Komal Nahta from Koimoi gave the film only 0.5 stars out of 5. He mentioned the story as childish, screenplay immature and dialogues commonplace. According to him, the histrionics of the lead pair was dull and ordinary. He only applauded Akansha Shivhare's performance. He wrote that it was a poor film and lacked entertainment.

Zinnia Ray Chaudhuri from Daily News and Analysis also gave only 0.5/5 stars. She wrote that the movie is bad throughout and leaves the audience emotionally scarred. According to her, Jatin has no acting skills. Only Akansha was able to leave an impact. She wrote,"The dialogues and the dialogue delivery, both, are laughable and can be best described as cheesy". She also criticized cinematography and dubbing.

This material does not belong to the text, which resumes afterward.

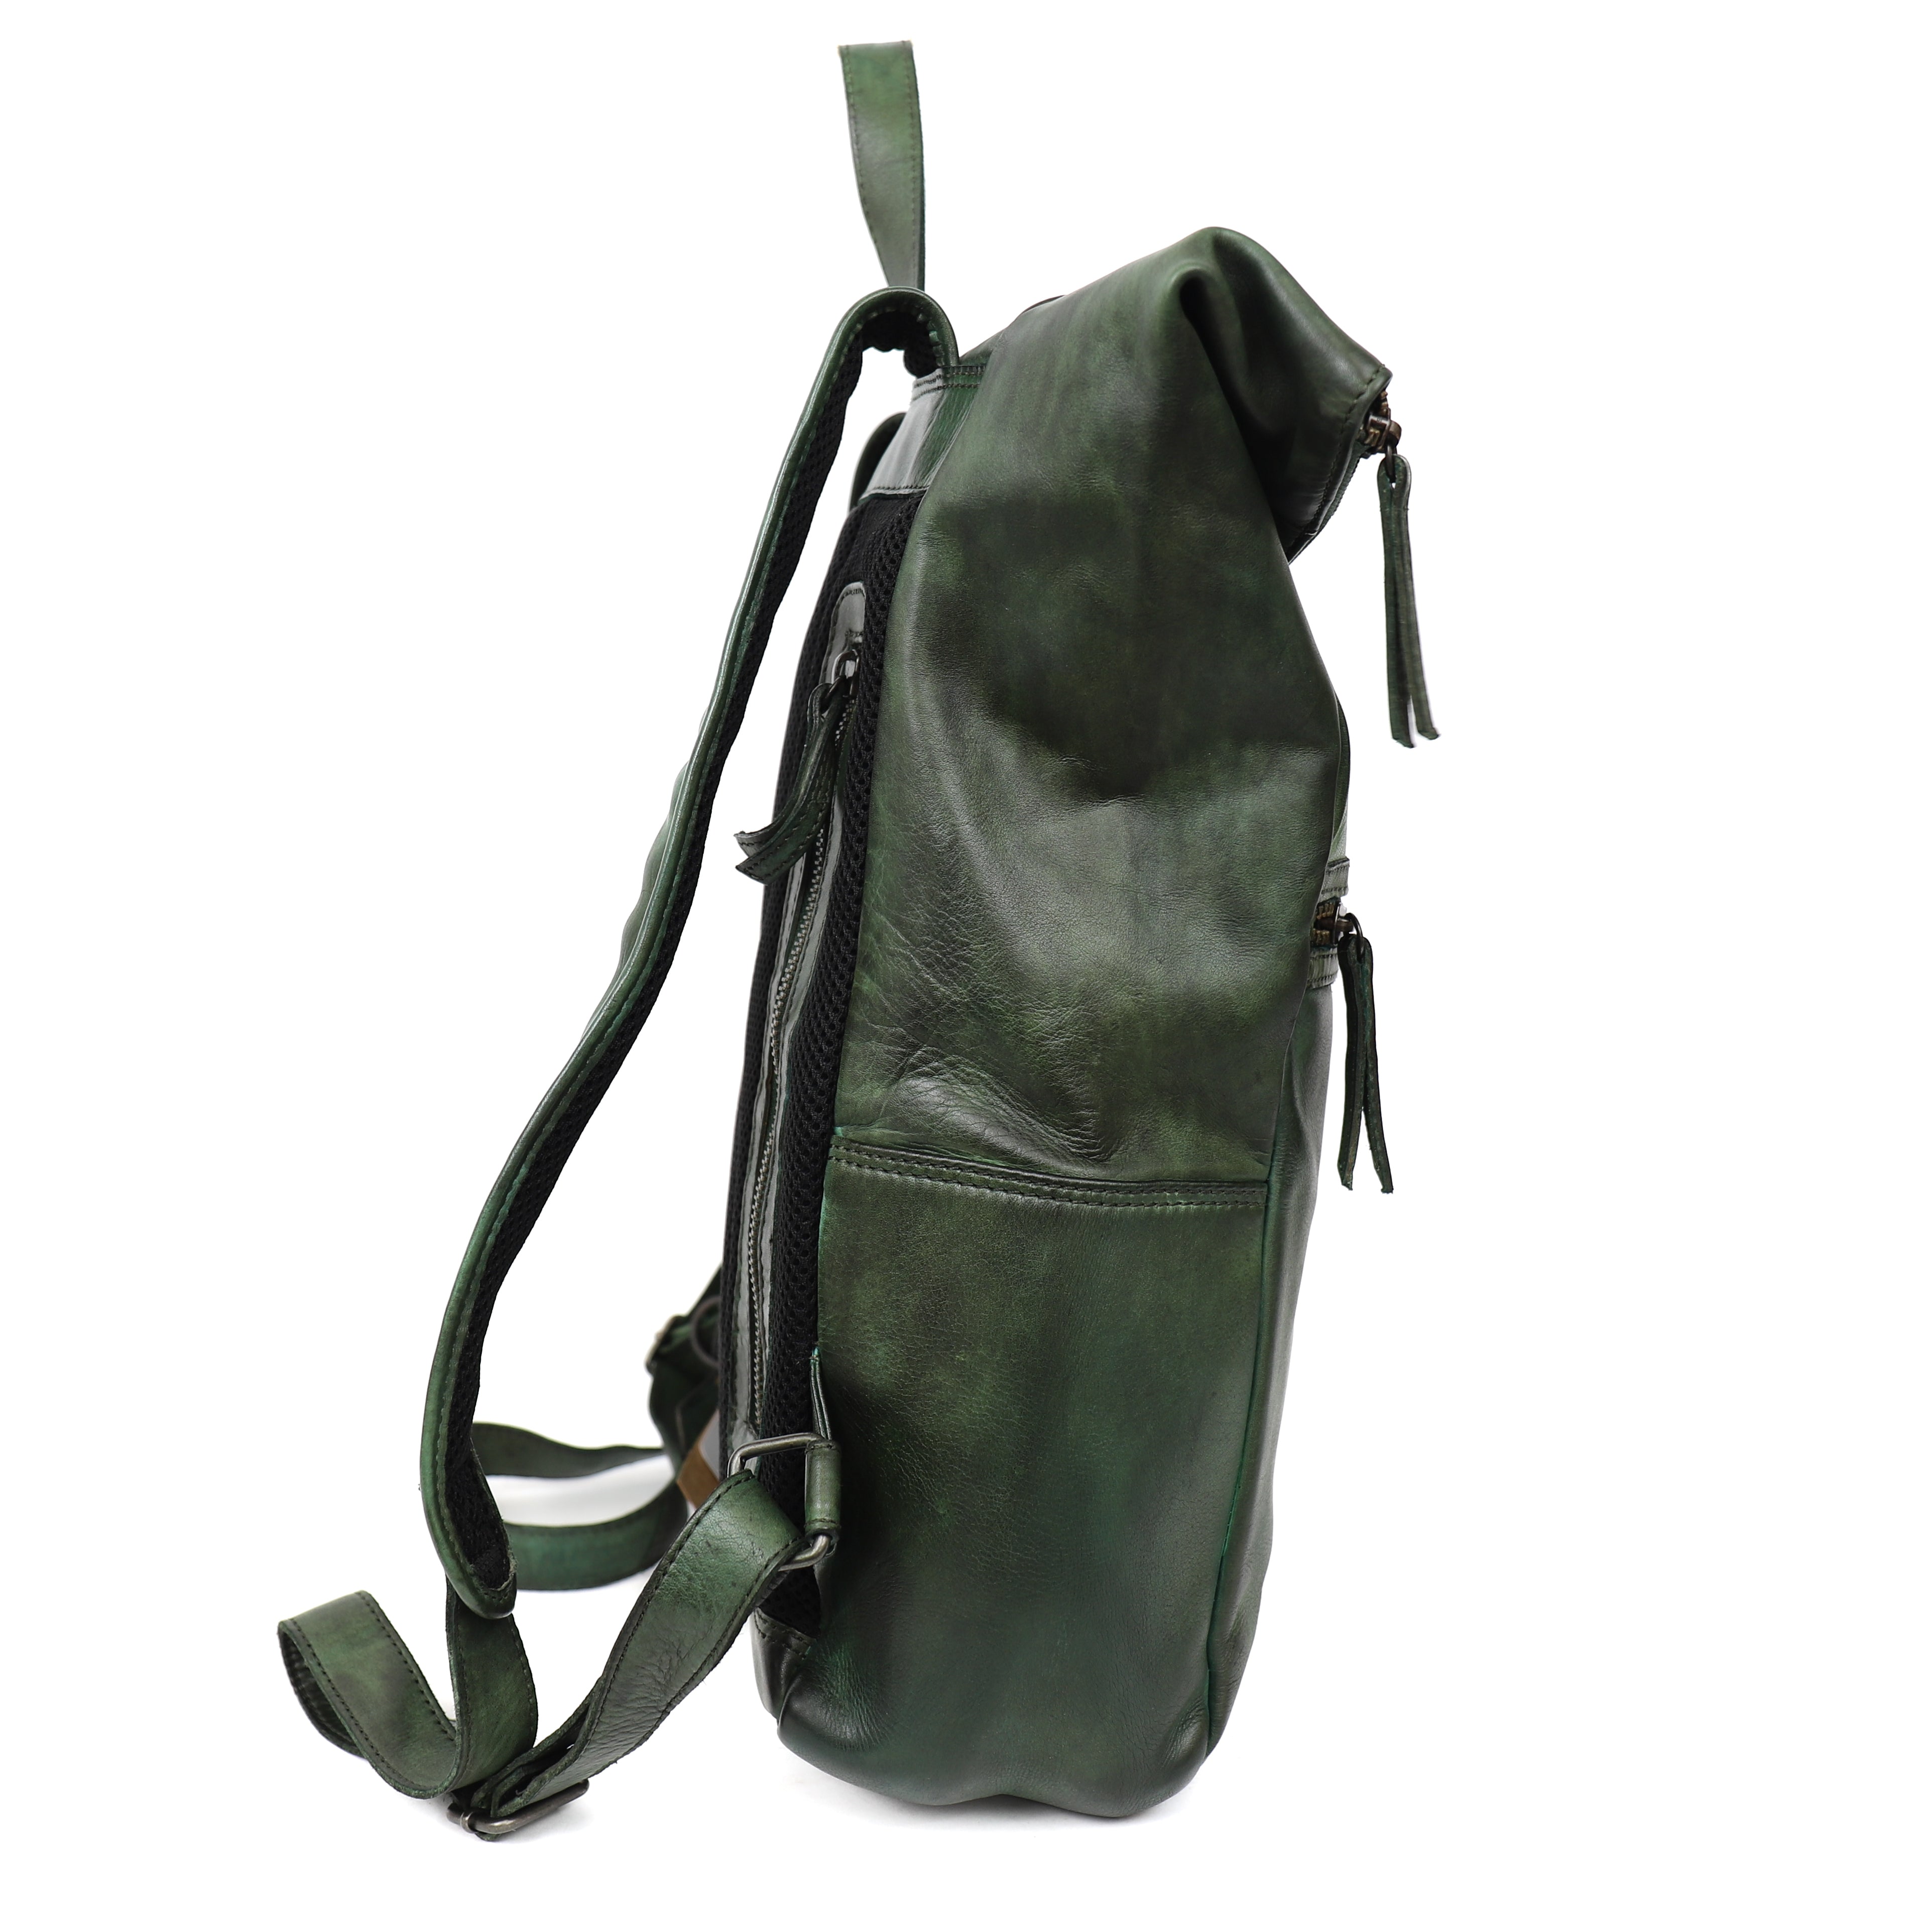 Backpack 'Rick' green - CL 40007

Prateeksha Khot from BOLLYSPICE gave only 0.5/5 stars. She wrote,"The acting is amateurish, cinematography by M.A. Shaikh is grainy and sloppy, Rajesh Kanchi’s editing is so-so and choreography by Tejas Dattani, Reshma Khan, Sagar-Bape and Rajiv are strictly average." According to her, the script is silly, music decent and dialogues are just ordinary. She praised Akansha in her minuscule role and mentioned Pummy's portrayal of a loving mother outstanding.

Mansha Rastogi from Nowrunning.com gave only 0.5/5 stars. She wrote,"Having a half-cooked plot replete with non-actors and no graph whatsoever, Rakesh turns YSP from a bad to a worse and intolerable product." She heavily criticized the performance of the lead actor and other side actors. According to her, even in the shooting style and the narrative, there appears no aesthetics. She also condemned the music and background score.

Rohit Vats from ibnlive also had apprehensions and he was not impressed with the basic plot line and acting performances. Even the album seemed to be a half-hearted effort.